My husband prayed for me right at that point, and there was no one else praying at that time. His prayers for me really saved my life - literally -- because he prayed for me to live and that someone would find what it was and do something to help me, and that's what finally happened. The specialist called the surgeon and said, "You've got to see her, you've got to come in -- something must be done." And the surgeon came in and said, "I think your appendix has exploded. Now, we don't have time to do any more tests; we don't have time to do anything. We've got to rush you into surgery right now."

The prayers of my husband carried me. At about 2 in the morning, the third day after surgery, I woke up in the hospital. It was the first time I had a moment when I wasn't in such excruciating pain that I could hardly breathe. I had a moment where I had enough morphine in me that I could think. I said, "God, what just happened? God, what is this?"

And God spoke to my heart and said that it was a curse but that it had not prospered. Michael came to the hospital the next morning and said, "I woke up at 2 in the morning and the Lord spoke to my heart that a weapon had been formed against you that didn't prosper."

After I was out of surgery, Michael called other people to pray because I was still "touch and go" after the operation. The doctor said I could still die because of the poison. He also said that if the poison wasn't pumped out, or with the wound left open I could still get gangrene. So my husband called everybody we knew, all over the country. I could just feel the prayers -- you know how you feel it when people are praying for you? His prayers were instrumental in saving my life.

Crosswalk.com: What's your advice for husbands who have read your book, and genuinely desire to pray for their wives, but don't know where to start? What should they do?

Stormie: A lot of guys have asked me that. They said, "Oh do I HAVE to pray?" I said, "Even if you don't want to read it, have her read it to you. A three-page chapter is simple. She can read that to you and you can just take the book and pray that prayer. It's a very simple - it's just a few lines. Just read that prayer over and over and that's all you have to do. If you don't want to say it out loud, just read that prayer to yourself quietly. It has power -- the fact that you are praying that over her will really bless her, but if that's too intimidating then don't really worry about it. Just pray the prayer and you'll see transfomation happening in her life, in your marriage and in your life too, so just taking these small steps make a powerful difference."

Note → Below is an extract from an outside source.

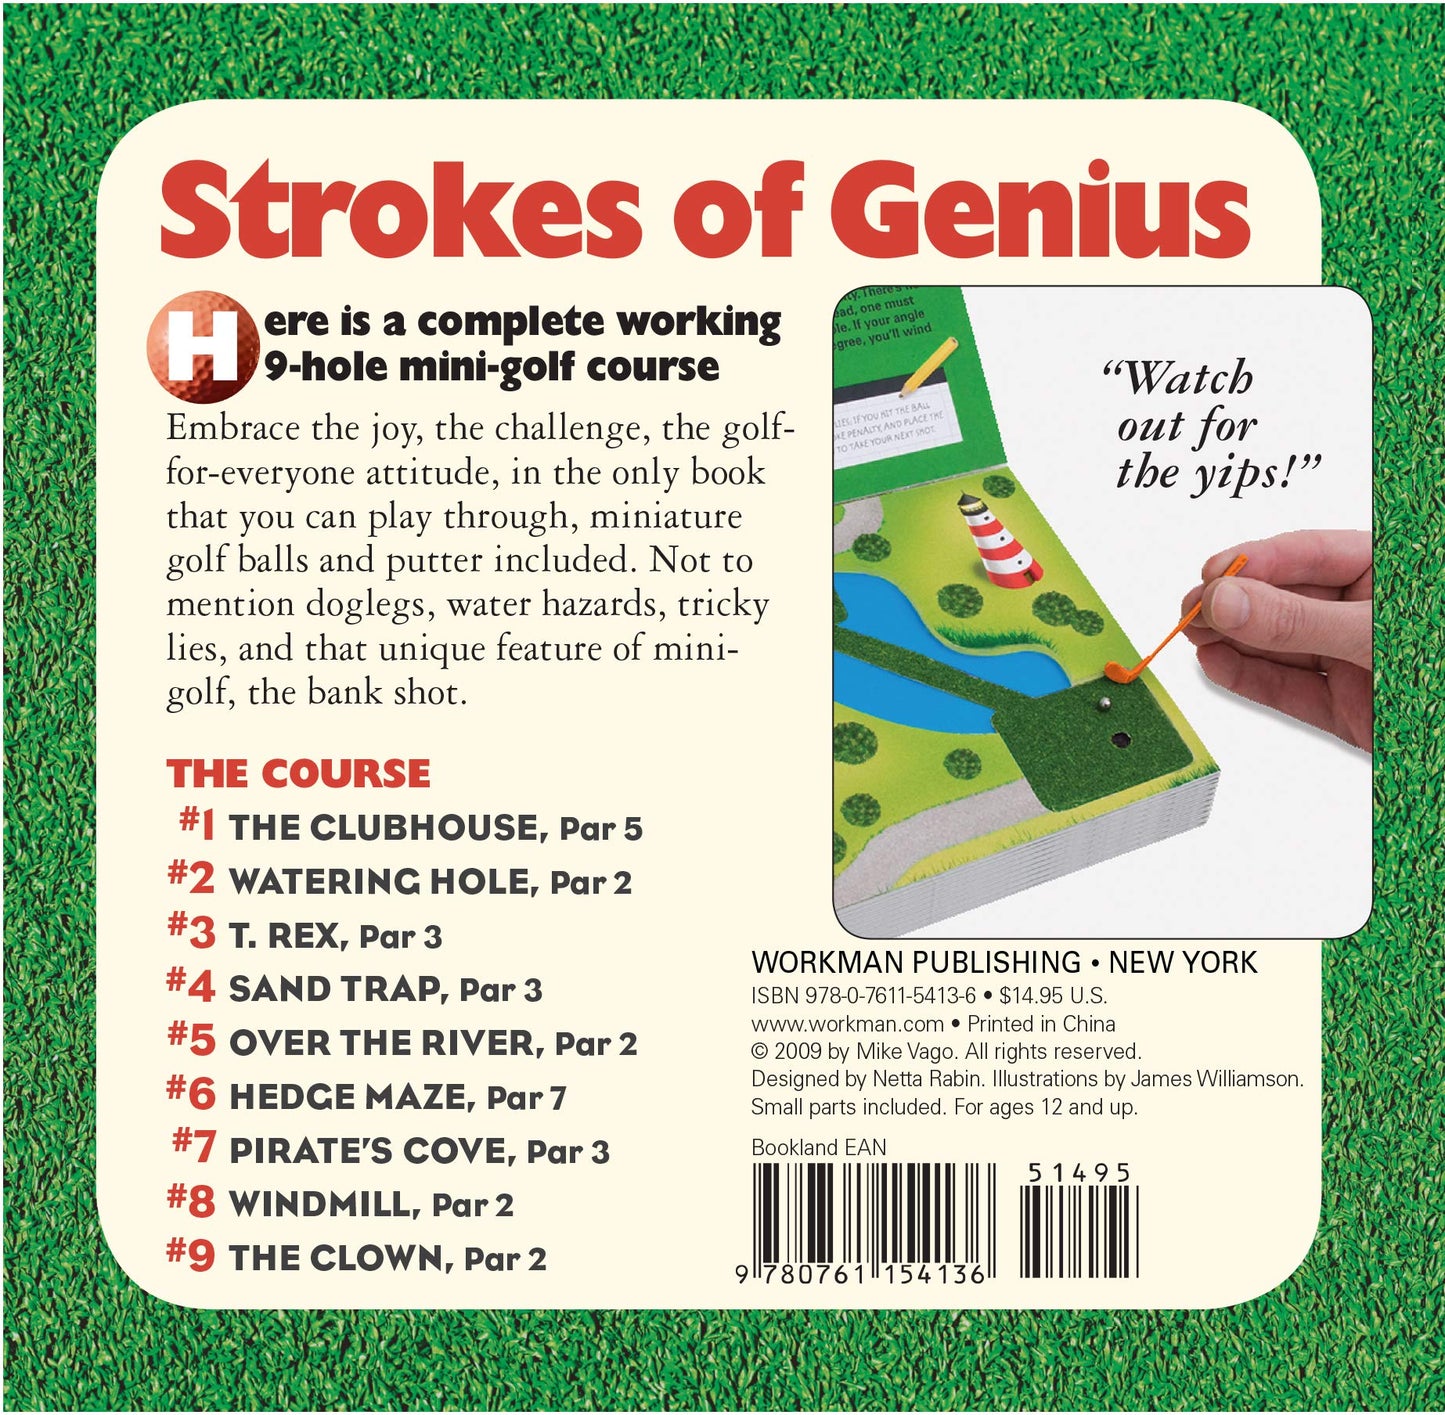 Miniature Book of Miniature Golf
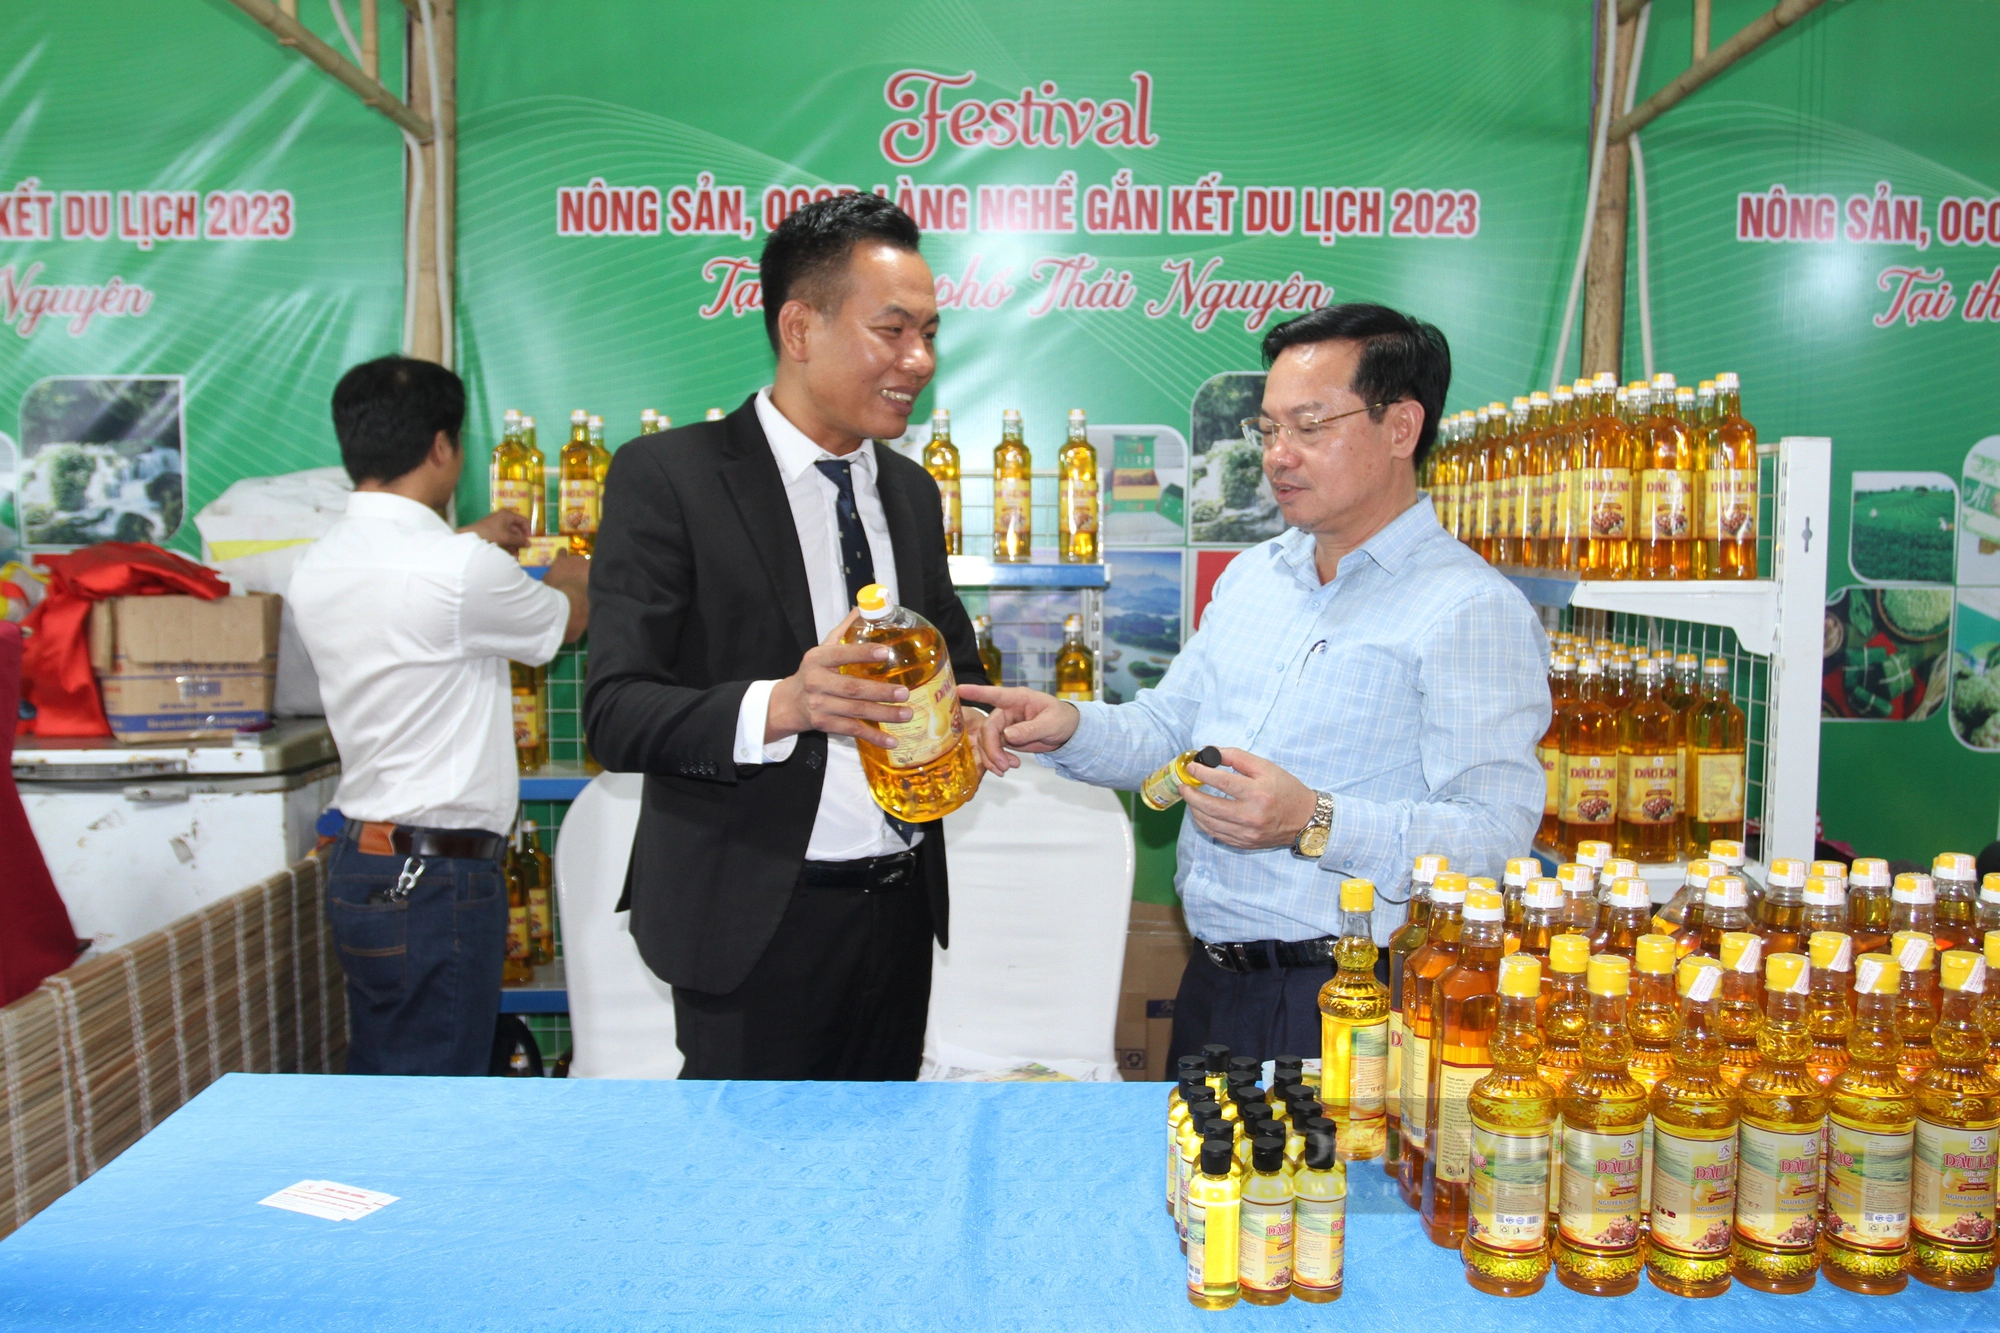 Festival Nông sản, OCOP, làng nghề gắn kết du lịch - Thái Nguyên 2023: Quy tụ đặc sản vùng miền - Ảnh 3.

Crosswalk.com: How did praying for your children change how you related to your family?

Stormie: Well, I was raised by a mentally ill mother, so I had a lot of abuse in my background and I didn't have a good parenting role model, and it became evident when I had a baby and came home from the hospital. I didn't have a clue, and I realized that I was really dependent on the Lord. I realized that I had a tendency to be abusive, I would feel that well up in me when my child was just an infant. I couldn't make it stop cyring, and I would feel like throwing it across the room. I thought, "Oh my gosh, I am in no way ready to raise a kid."

So I was just going to the Lord saying, "Lord you've got to show me how to raise this child. I don't have a clue." God just took me step by step, and showed me how to start prayer groups just to pray for our children. I was so desperate, and I found that other people were feeling the same way, so I started prayer groups where we just got together just to pray for our kids. That became the basis for my book and I know I couldn't have raised these kids without the power of prayer -- without God helping me. It's partnering with God to raise them through prayer.